For some situations we make inversion just for emphasis ,it is not a must

eg;

We have never wittnessed such cruel behaviour by one child for another

Never have we wittnessed such cruel behaviour by one child to another.(For emphasis , it is not a must)

However I am not sure about the following sentences whether inversion is a must or is made just for emphasis.

*What about the inversion ''there'' and ''verb''?

a1)I opened the door and there stood Michael , all covered in mud

a2)I opened the door and Michael stood there , all covered in mud

b1)She looked out and there was Pamela, walking along arm in arm with Goldie.

b2)She looked out and Pamela was there , walking along arm in arm with Goldie.

Are there any differences between a1-a2 , b1-b2?

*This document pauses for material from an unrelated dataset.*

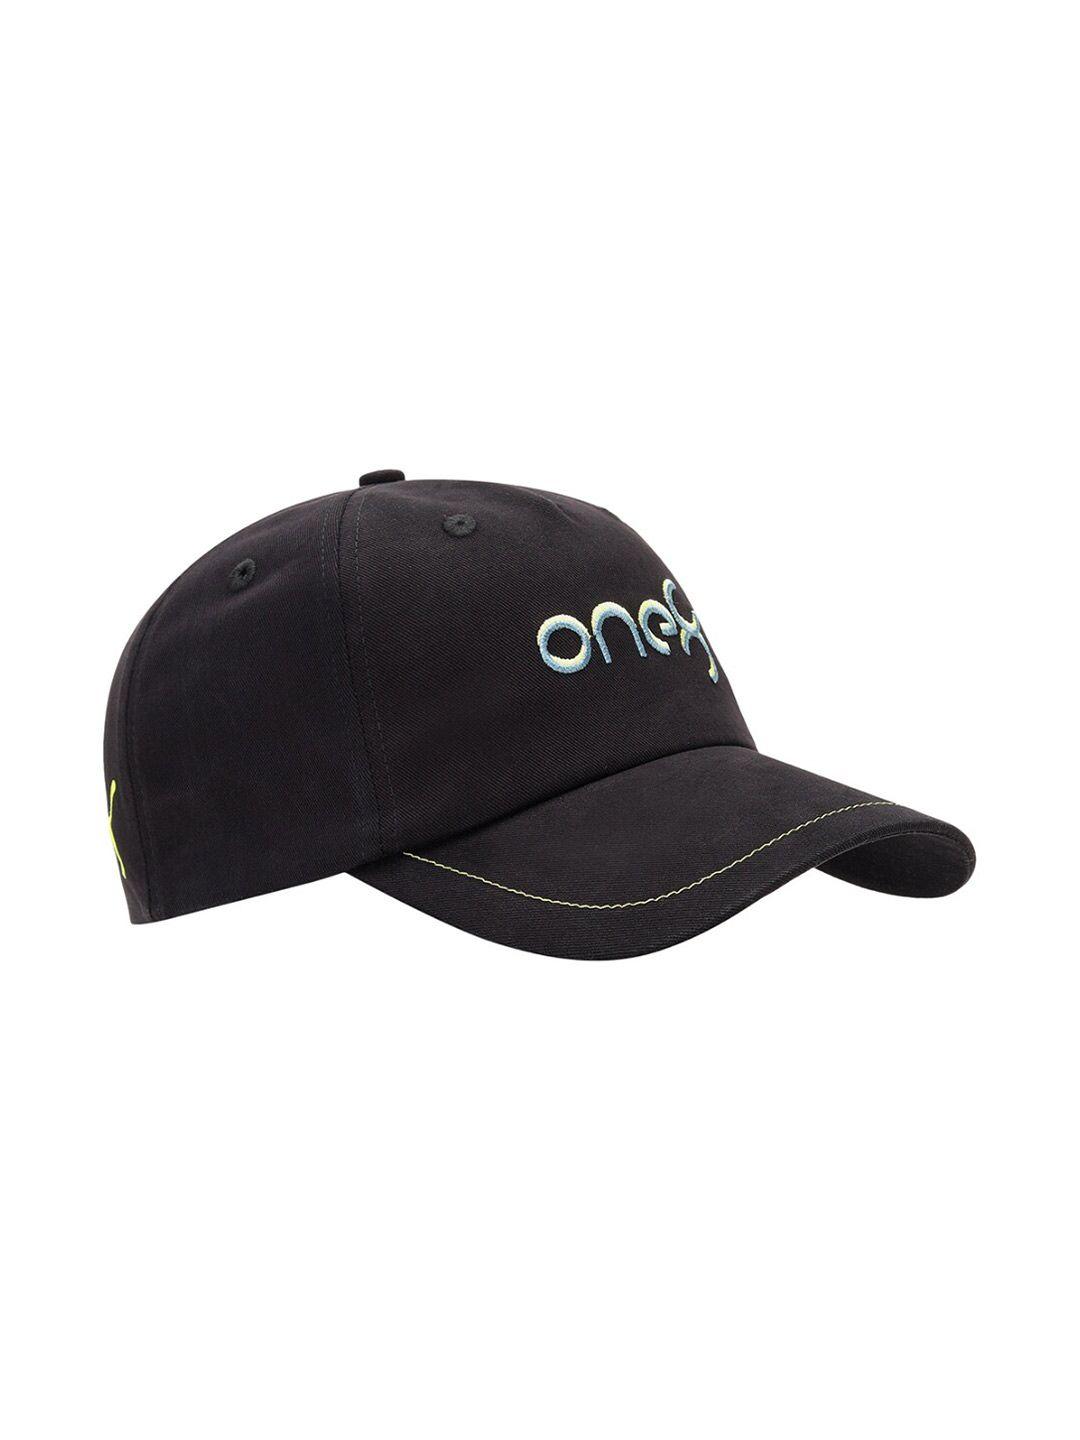 one8 x puma unisex black & off white embroidered baseball cap

  • Yes, there stood Michael or in walked the gunslinger is also a kind of emphasis, commonly found in oral narratives—people telling stories. – Tᴚoɯɐuo Jul 20 '18 at 13:34
1

I opened the door and there stood Michael , all covered in mud

It is clear in this sentence that Michael is on the other side of the door, because "there" comes right after the door being opened, so it follows that what you saw is as a consequence of opening the door.

I opened the door and Michael stood there, all covered in mud

This may be used and understood to mean the same, but under scrutiny it is not clear which side of the door Michael is stood on. He could have been standing with you the whole time while you opened the door, perhaps for him to go out, and you are remarking that he just stood there instead of going out the door.

Same goes for:

She looked out and Pamela was there , walking along arm in arm with Goldie.

Again, many would assume you meant you saw Pamela out of the window, but it isn't explicit. It could be understood to mean that she was with Pamela while she looked out.

Native speakers tend to be less picky about subtle differences like this in spoken English. When speaking about object placement many people will enhance their speech with gestures like pointing to an imaginary open door in front of them when saying "there" and this would remove any ambiguity. But in written English people do tend to choose their words more carefully.